Stocks remain on fire in January as most of the major averages are hitting multi-year highs, and in some instances all time highs! For the week, the Dow Jones Industrial Average (chart) closed up 1.8%, the Nasdaq (chart) +0.48%, the S&P 500 (chart) +1.14% and the small-cap Russell 2000 (chart) finished the week higher by 1.39% and closing at an all time high. Once the S&P 500 was able to breakout and remain above the 1475 level, which had been a major resistance level, the money that had been sitting on the sidelines seemingly went to work. Also there has been a slow rotation out of bond funds and into stocks.

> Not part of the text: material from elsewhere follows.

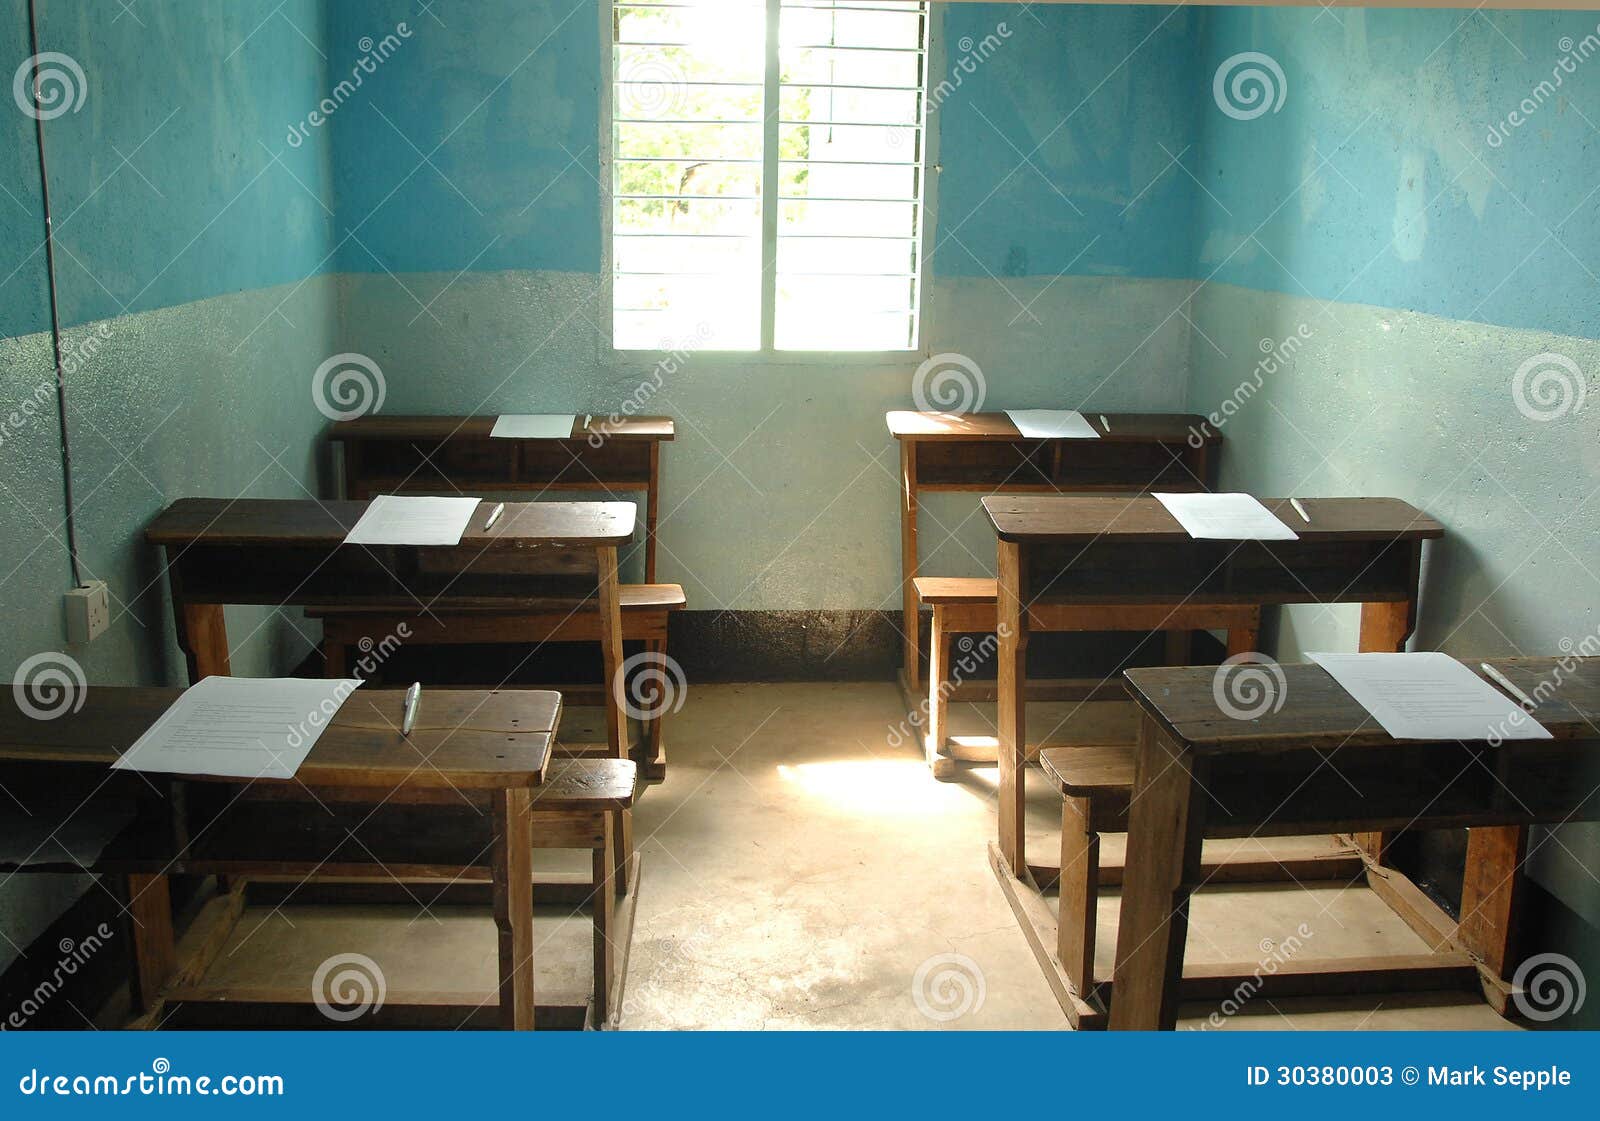 Afrikanisches Klassenzimmer. Ein leeres Schulklassenzimmer in einem afrikanischen Dorf mit sechs Tabellen und blauen Wänden

One would thing that a pullback of some sort is in the cards for equities. However, with earnings reporting season coming in better than expected so far, and the debt ceiling issue being pushed out, we may very well continue to see this upward trajectory for stocks at least in the short term. There could be one catalyst that may give the market a pause and that is next weeks jobs report. If the employment picture continues to remain weak, I would think that this could be a reason for stocks to take a breather.

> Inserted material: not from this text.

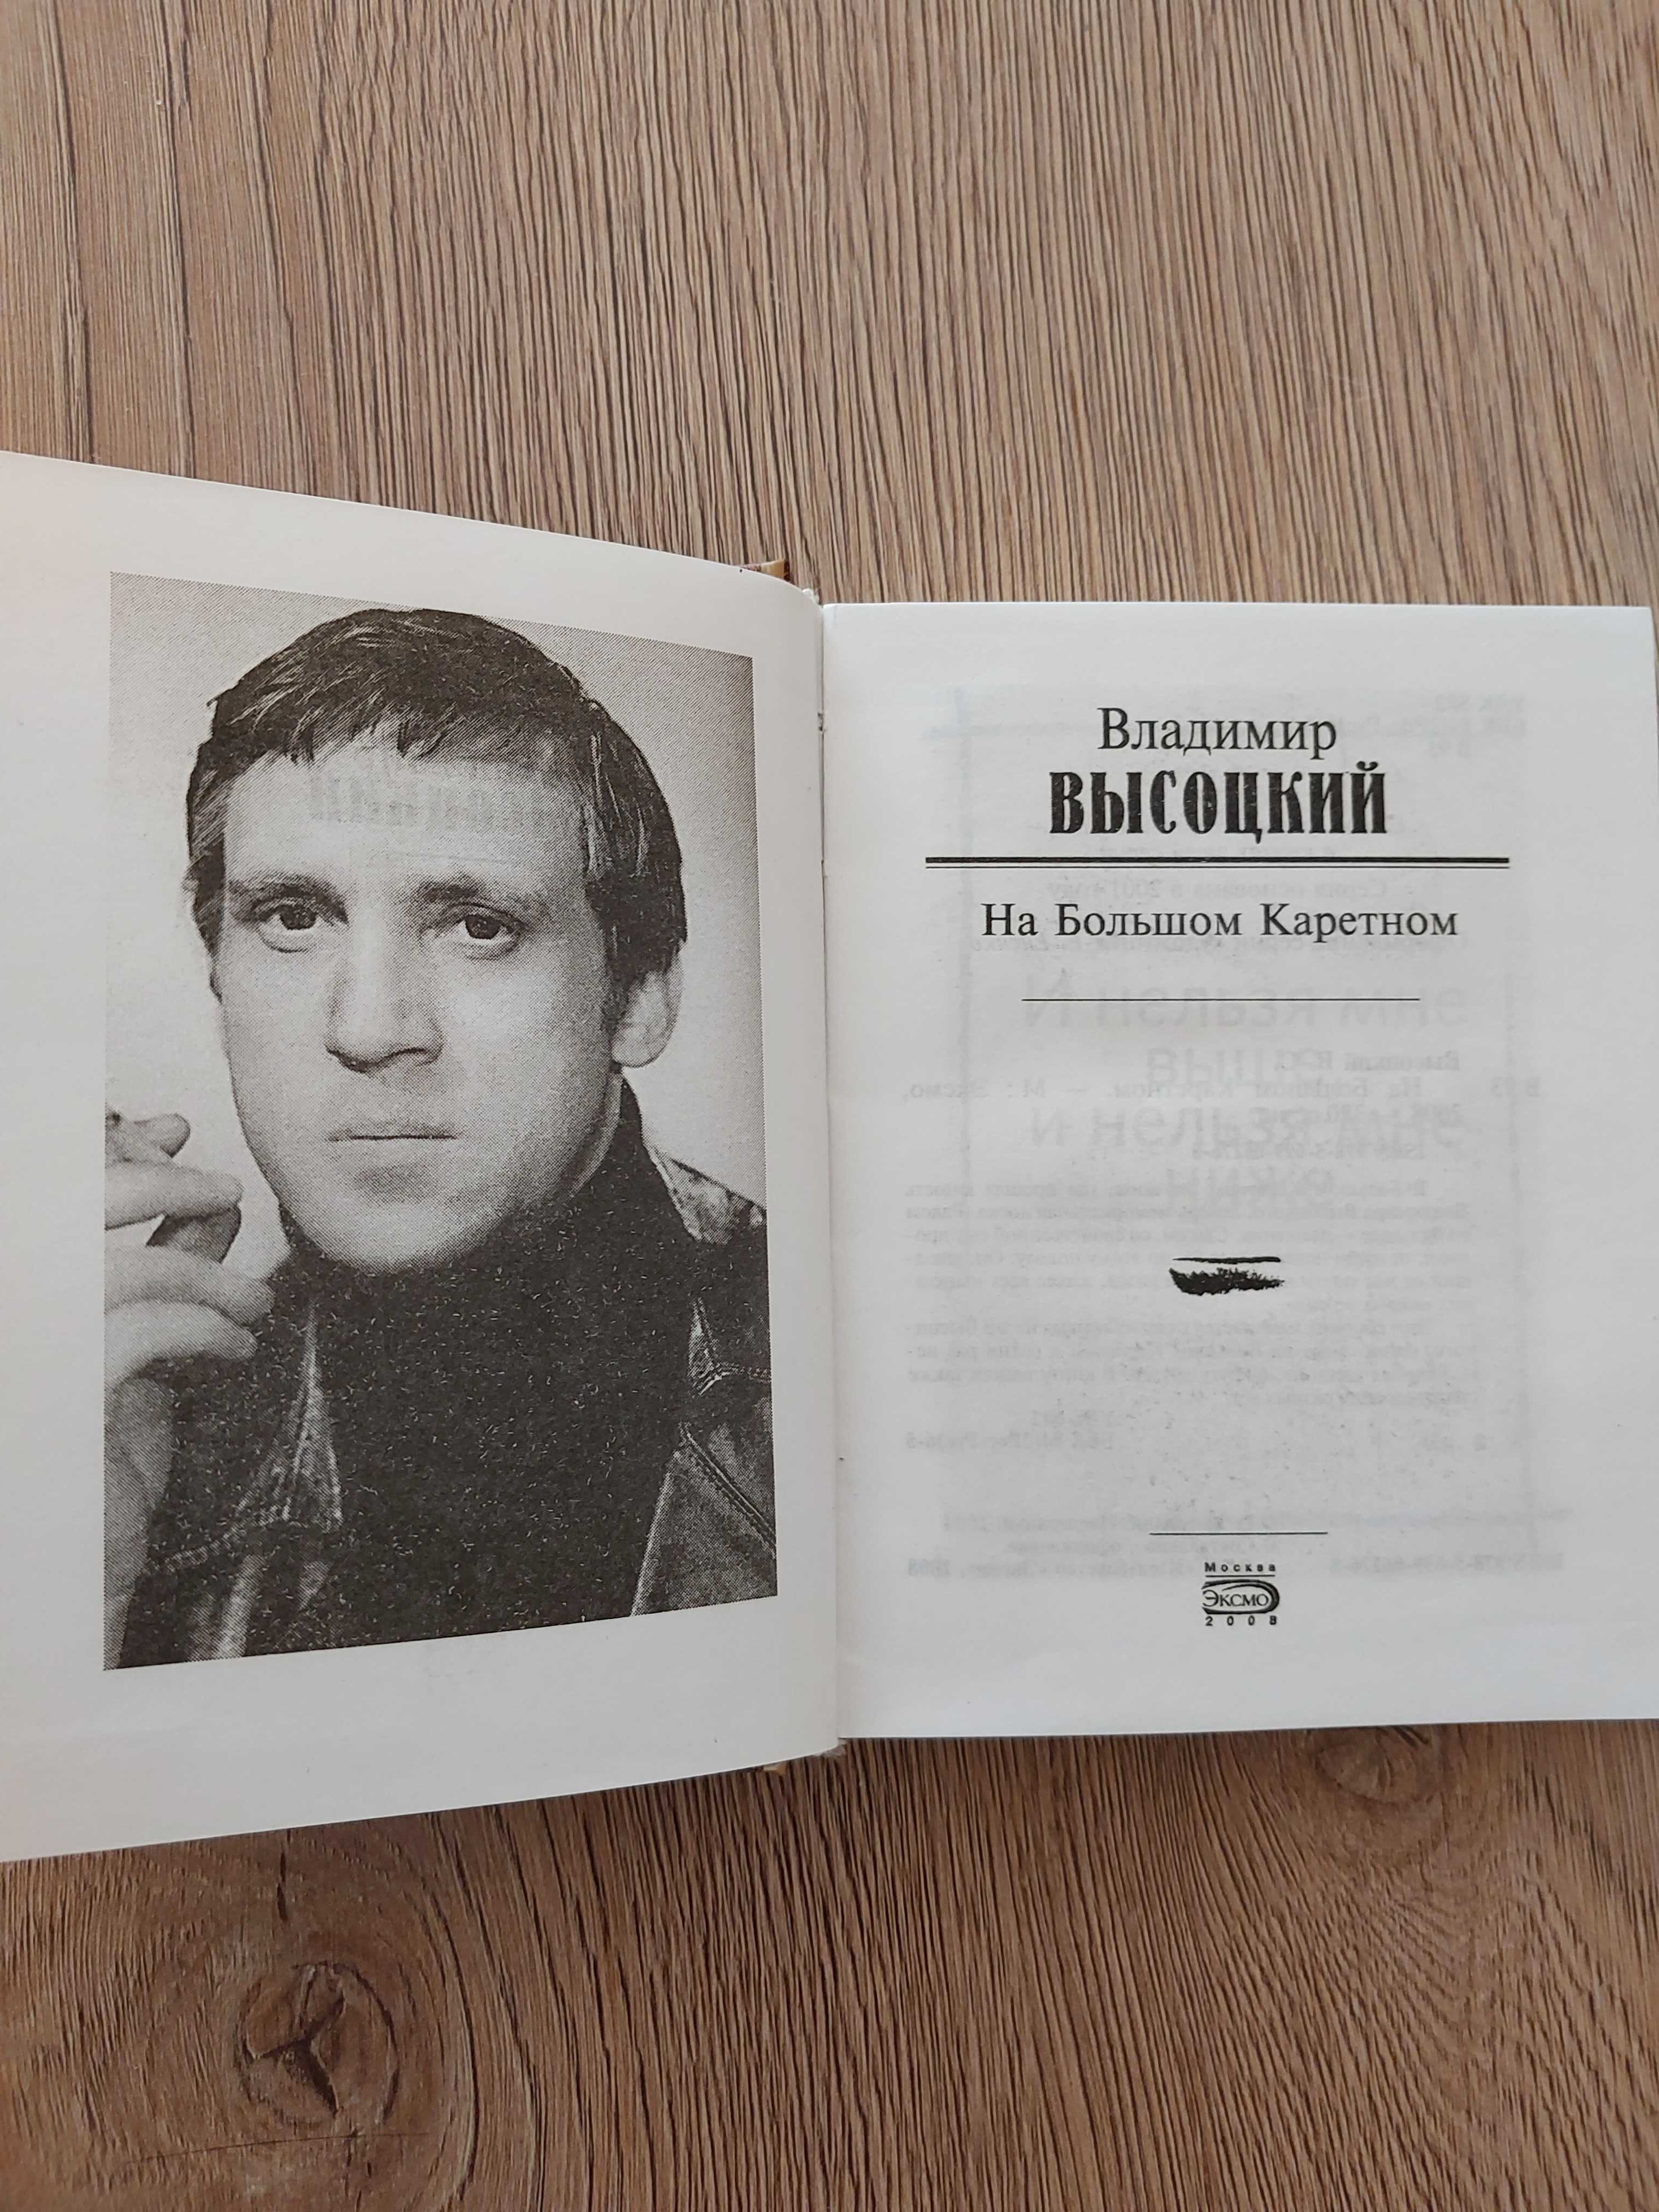 Sprzedam książki w języku rosyjskim

In addition to the January jobs report released next week, we will also get earnings reports out of Caterpillar (NYSE: CAT), Yahoo (NasdaqGS: YHOO), Ford (NYSE: F), Amazon (Nasdaq: AMZN), Facebook (NasdaqGS: FB), Mastercard (NYSE: MA) and ExxonMobil (NYSE: XOM) just to name a few. Good luck to all.

Have a great weekend 🙂



5 year high!

Stocks continue to advance in the new year as the S&P 500 (chart) closed the week at a five year high. The Dow Jones Industrial Average (chart) finished the week up 0.40%, the Nasdaq (chart) +0.77% and the small-cap Russell 2000 (chart) added 0.19%. Furthermore, with the S&P 500 (chart) closing at 1472.05, all eyes will be watching next week to see if this key index can break and remain above the 1475 level which has been a key resistance level. However, next week a slew of companies are schedule to report their Q4 earnings results which most likely will be the catalyst to either break these markets out, or once again serve as a key resistance level.

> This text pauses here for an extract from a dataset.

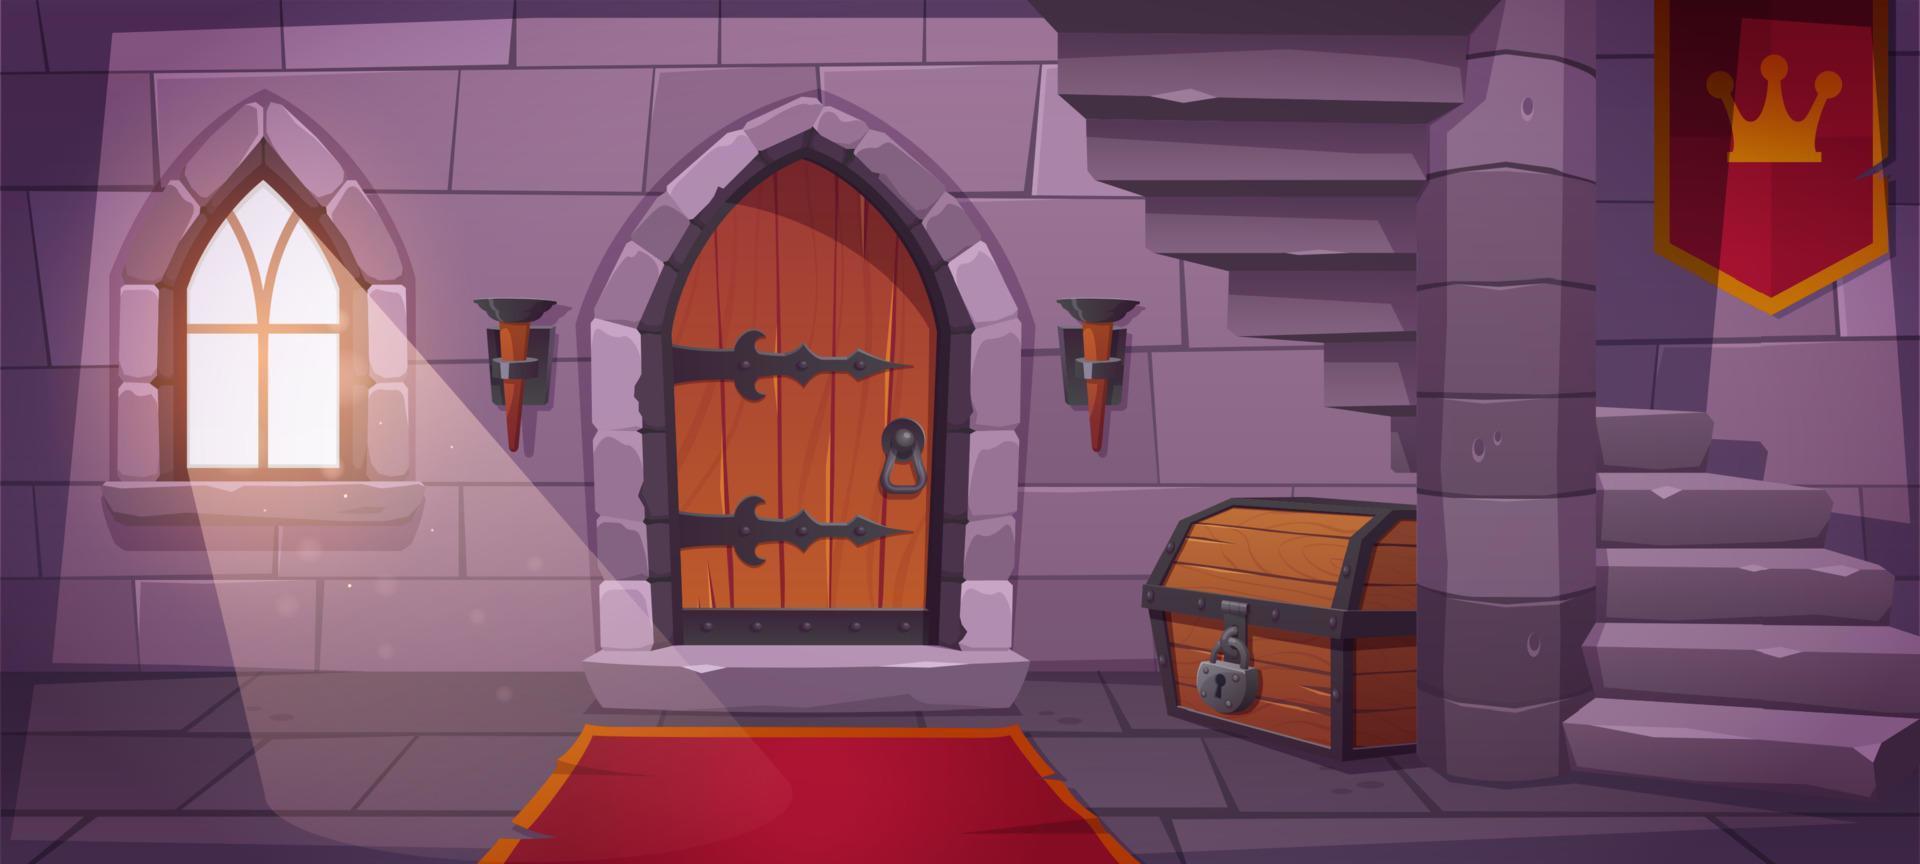 ondergronds kerker in kasteel met houten deur vector

Here are some of the companies that are scheduled to report next week: Goldman Sachs (NYSE: GS), JPMorgan (NYSE: JPM), Ebay (NasdaqGS: EBAY), Bank of America (NYSE: BAC), Citigroup (NYSE: C) American Express (NYSE: AXP) UnitedHealth (NYSE: UNH) Intel (NasdaqGS: INTC) General Electric: NYSE: GE) and Morgan Stanley (NYSE: MS). So as you can see the markets will have plenty to digest after these bellwether companies report their results. Most pundits believe that this indeed will provide what is needed for the markets to breakout and march towards new highs. Good luck to all.

Have a great weekend 🙂


Happy New Year!

Despite all of the domestic and global political and economic uncertainties that persisted throughout 2012, the Dow Jones Industrial Average (chart) managed to gain 7.3% for the year, the Nasdaq (chart) soared 15.9%, the S&P 500 (chart) leaped by 13.4% and the small-cap Russell 2000 (chart) closed the year up notching a 14% gain. I think most investors and traders were caught off guard with the double digits gains that occurred in 2012, especially with the pending fiscal cliff dilemma that our country is facing. However, in the wee hours of this morning the Senate did overwhelmingly approve a bipartisan deal that is now headed over to the House for a vote. Here is what part of the revised deal looks like:

The new deal postpones for two months the start of $1.2 trillion in automatic spending cuts over 10 years, known as the “sequester.” For those two months, $24 billion in savings would be substituted. Half of those savings would be split between defense and non-defense programs. The other half includes new revenues.

Raises $600 billion in revenue over 10 years through a series of tax increases on wealthier Americans.

Permanently extends tax cuts made in 2001 by Republican President George W. Bush for income below $400,000 per individual, or $450,000 per family. Income above that level would be taxed at 39.6 percent, up from the current top rate of 35 percent.

Above that income threshold, capital gains and dividend tax rates would return to 20 percent from 15 percent.

Includes a permanent fix for the alternative minimum tax.

Extends child tax credit, earned income tax credit, and tuition tax credit for five years.

Extends unemployment insurance benefits for one year for 2 million people.

Avoids a cut in payments to doctors treating patients on Medicare – the so-called “doc fix.”

Temporarily extends farm programs.

So now we have to wait and see if the House of Representatives will pass this modified deal and hopefully we can get that answered today.